A foreign-owned company operating in Ukraine receives a tax audit notice shortly after filing its annual corporate income tax return. The auditors question whether the group's regional management functions create a postійне представництво (permanent establishment) under Ukrainian tax legislation – a finding that would trigger back-taxes, penalties, and interest stretching back several years. Without specialist counsel already in place, the window to prepare a credible response closes faster than most boards anticipate.

Tax law in Ukraine governs the taxation of corporate profits, cross-border payments, and foreign investor activities through a unified tax code that combines domestic rules with an extensive network of bilateral tax treaties. International businesses must identify their tax residency position and establish whether group activities create a taxable presence before the first transaction occurs. Non-compliance is assessed with interest accruing from the original due date, making early structuring decisions critical.

This page covers the principal tax instruments available to international businesses in Ukraine, the practical procedures for compliance and dispute resolution. The most common pitfalls for foreign investors. Additionally, the cross-border considerations that arise at the intersection of Ukrainian, Russian, and EU tax rules.
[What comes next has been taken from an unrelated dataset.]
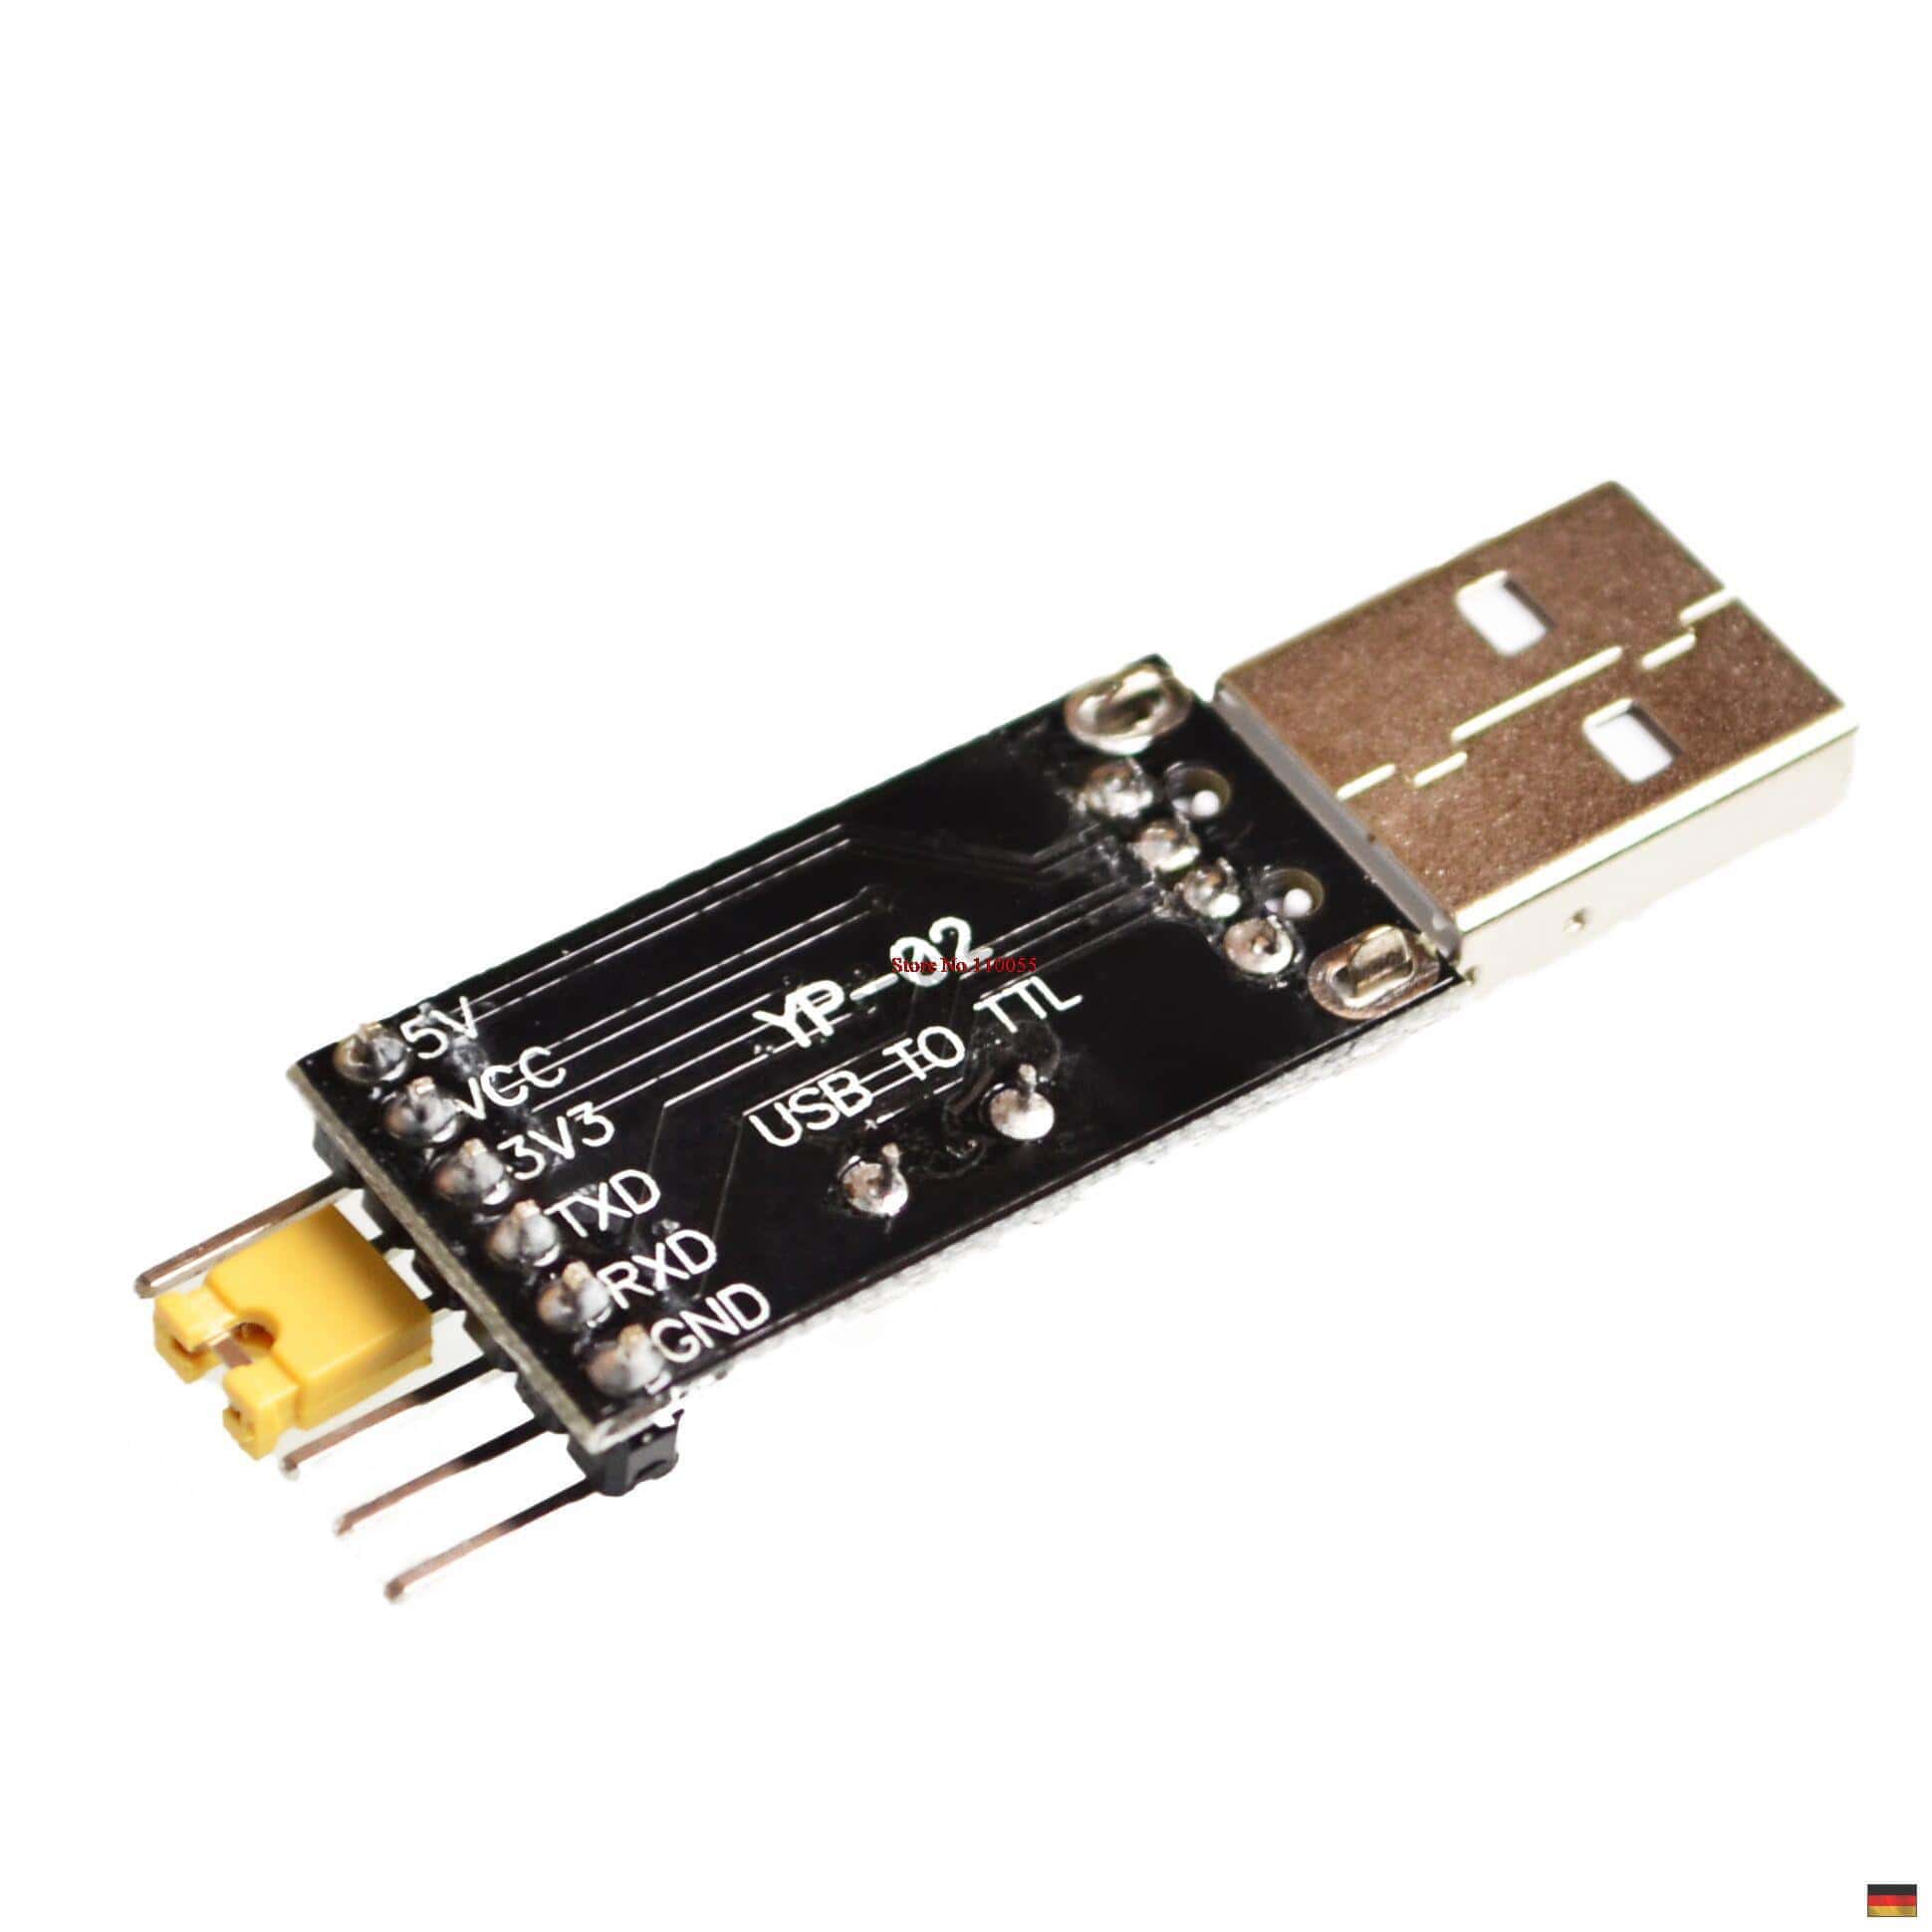 Zubehör Adapterkabel USB-TTL 5V mit Verbinder, 39,40 €

The Ukrainian tax environment for international business

Ukraine operates a comprehensive tax code that has undergone substantial reform since 2010 and continues to evolve under the pressure of wartime fiscal needs and EU approximation commitments. The tax authority – the Державна податкова служба (State Tax Service of Ukraine) – administers corporate income tax, value-added tax, personal income tax, and a range of special levies. For international investors, the interaction between domestic tax legislation and treaty obligations is the starting point for any structuring exercise.

Corporate income tax applies to Ukrainian-resident legal entities on their worldwide income and to non-residents on income sourced in Ukraine. The standard rate has remained broadly stable for resident companies. However. The conditions under which non-resident income falls into the Ukrainian tax base depend heavily on whether a permanent establishment exists and whether a tax treaty reduces withholding obligations. These two questions – permanent establishment and withholding tax – account for the majority of disputes between the State Tax Service and foreign groups.

Value-added tax applies to the supply of goods and services in Ukraine and to the importation of goods. Foreign businesses providing electronic or digital services to Ukrainian consumers face specific VAT registration obligations introduced under recent amendments to tax legislation. Failure to register exposes the non-resident supplier to penalties and creates reputational risk with Ukrainian clients who cannot reclaim input VAT on unregistered supplies.

The wartime context adds a further layer. Military levy obligations, temporary restrictions on certain deductions, and currency control rules interact with tax positions in ways that are not always apparent from the face of the legislation. Practitioners in Ukraine note that the State Tax Service has maintained audit activity throughout the conflict, and that the administrative courts continue to function, making it possible to contest assessments through established channels.

Companies with existing corporate structures in Ukraine should review how recent legislative amendments affect the deductibility of intra-group payments, the treatment of controlled foreign company rules, and the impact of military levy on profit distributions.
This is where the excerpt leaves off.